OMV5 | Docker | HomeAssistant - Data Volume Mapping Problems

  • I'm having some trouble / strange behaviour mapping OMV5 SMB/CIFS shares to docker volumes to run an instance of HomeAssistant.

    Local docker volume seems to work perfectly but the OMV shared volume fails.


    I'm hoping this is a common problem people have experienced and overcome with OMV, HomeAssistant and docker volumes.


    Any thoughts, Ideas or wisdom would be appreciated .:)


    Problem Details:

    SETUP:

    I'm attempting to create and instance of HomeAssistant in docker via Portainer

    I would like the /config directory/files to live on OMV5 SMB/CIFS share /Data/HomeAssistant

    I'm attempting to do this via a docker volume (not a bind, there appears to be some debate on the correct way to do this but docker seem to recommend volumes over binds but happy to hear alternative recommendations)

    Portainer looks like it can create a Volume using CIFS (/Data/HomeAssistant)

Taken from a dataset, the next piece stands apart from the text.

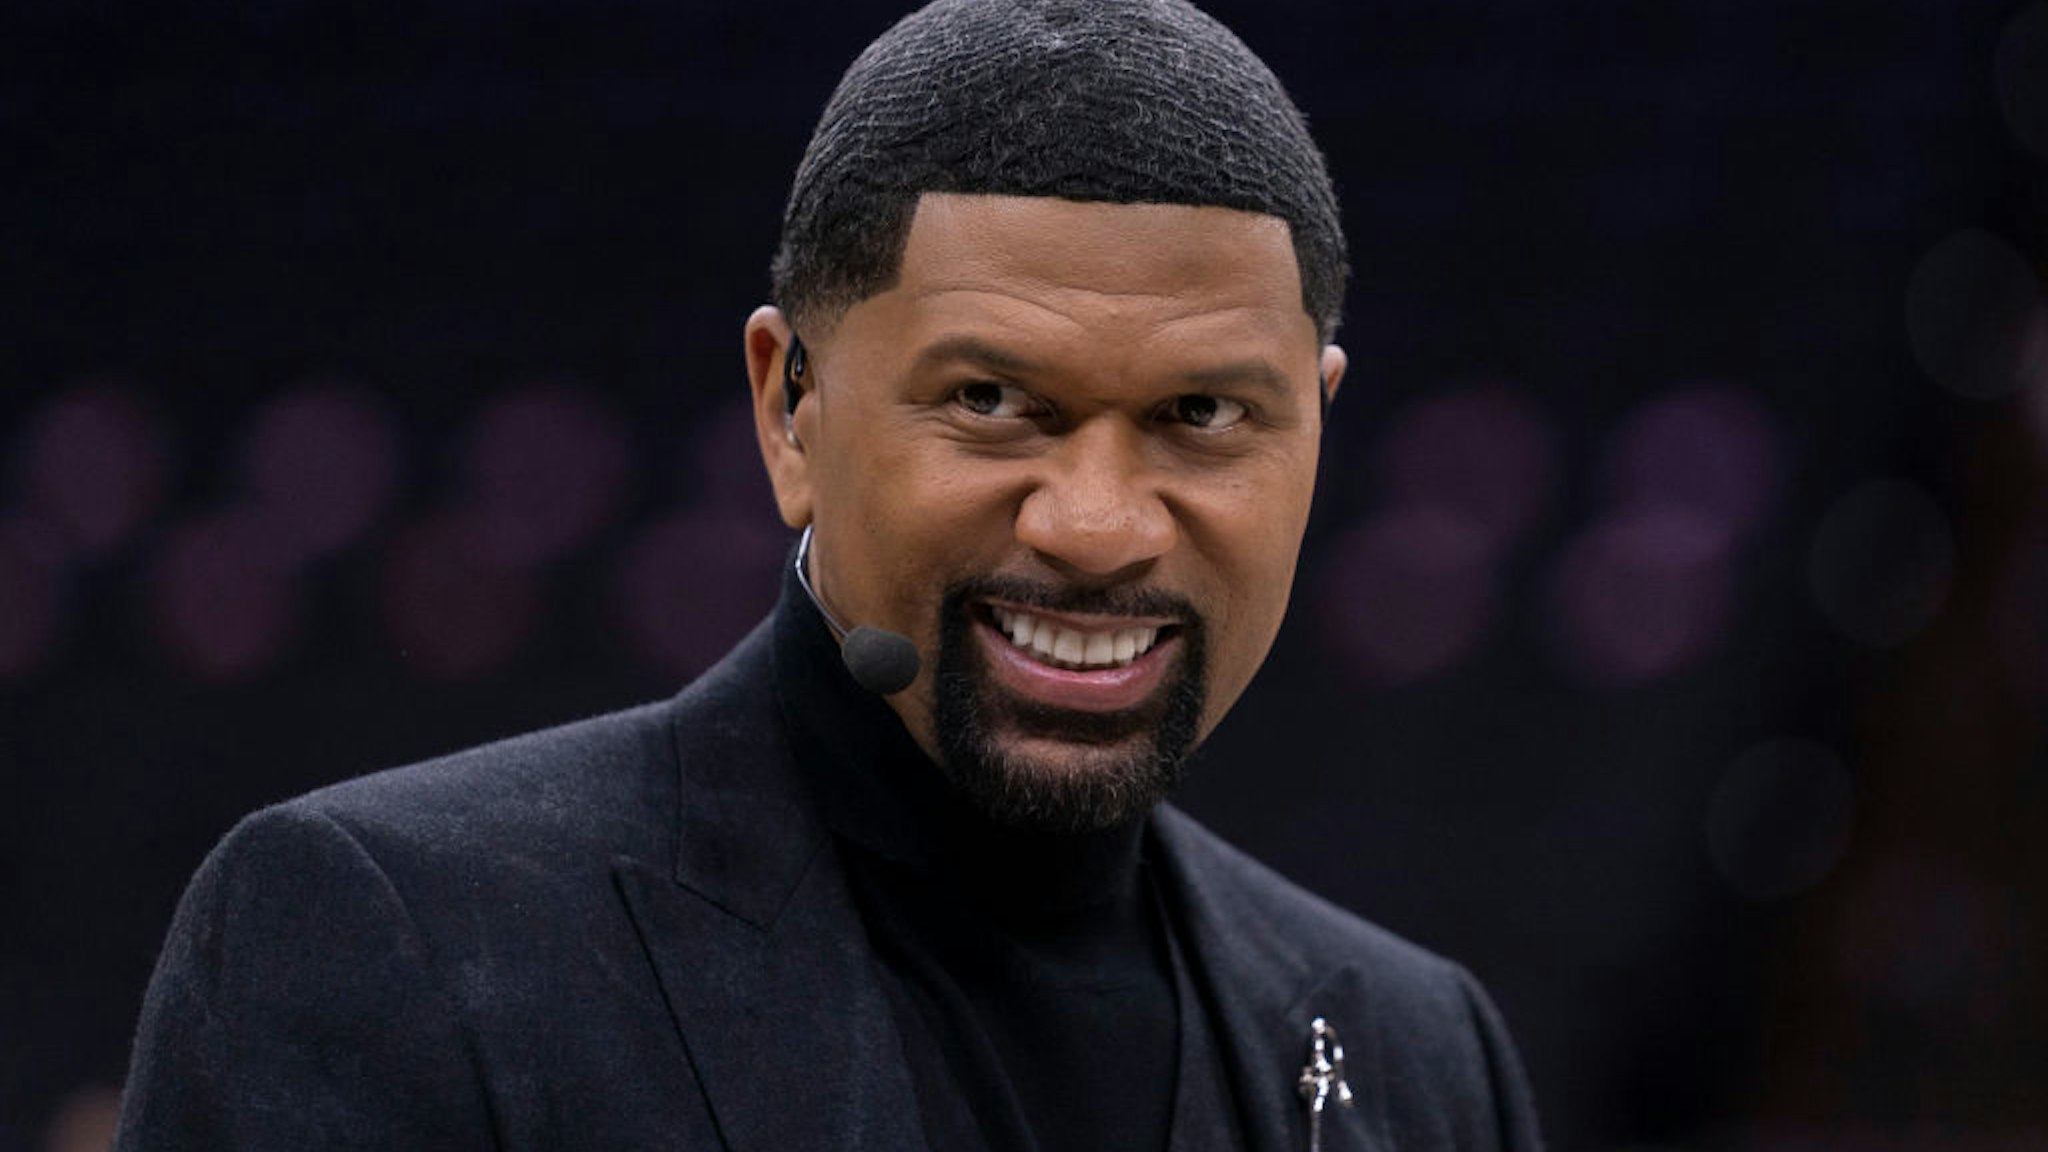 ESPN analyst Jalen Rose looks on prior to the game between the Los Angeles Lakers and Philadelphia 76ers at the Wells Fargo Center on January 25, 2020 in Philadelphia, Pennsylvania.

    Portainer can then map this Volume to /config and added it to a Docker Container and appears to start

    Network = Host

    restart policy = unless stopped


    Docker installed on OMV5 - extras

    PROBLEM:

    /Config data does populate the OMV share CIFS (/Data/HomeAssistant) - this was confirmed via finder

    BUT HomeAssistant Web Access doesn't appear to start eg ipAddress:8123 (standard HomeAssistant web port)


    ATTEMPTED SOLUTIONS:

    • Explicitly Map port 8123:8123 --> doesn't help
    • Install HomeAssistant with the same config but with a local volume eg not a shared volume --> works perfectly as expected on ipAddress:8123


  • Without going into details, I would say that it is a permission issue. Maybe you should post your portainer stack (omit personal info). Use </> in the menu bar. This would help to get help.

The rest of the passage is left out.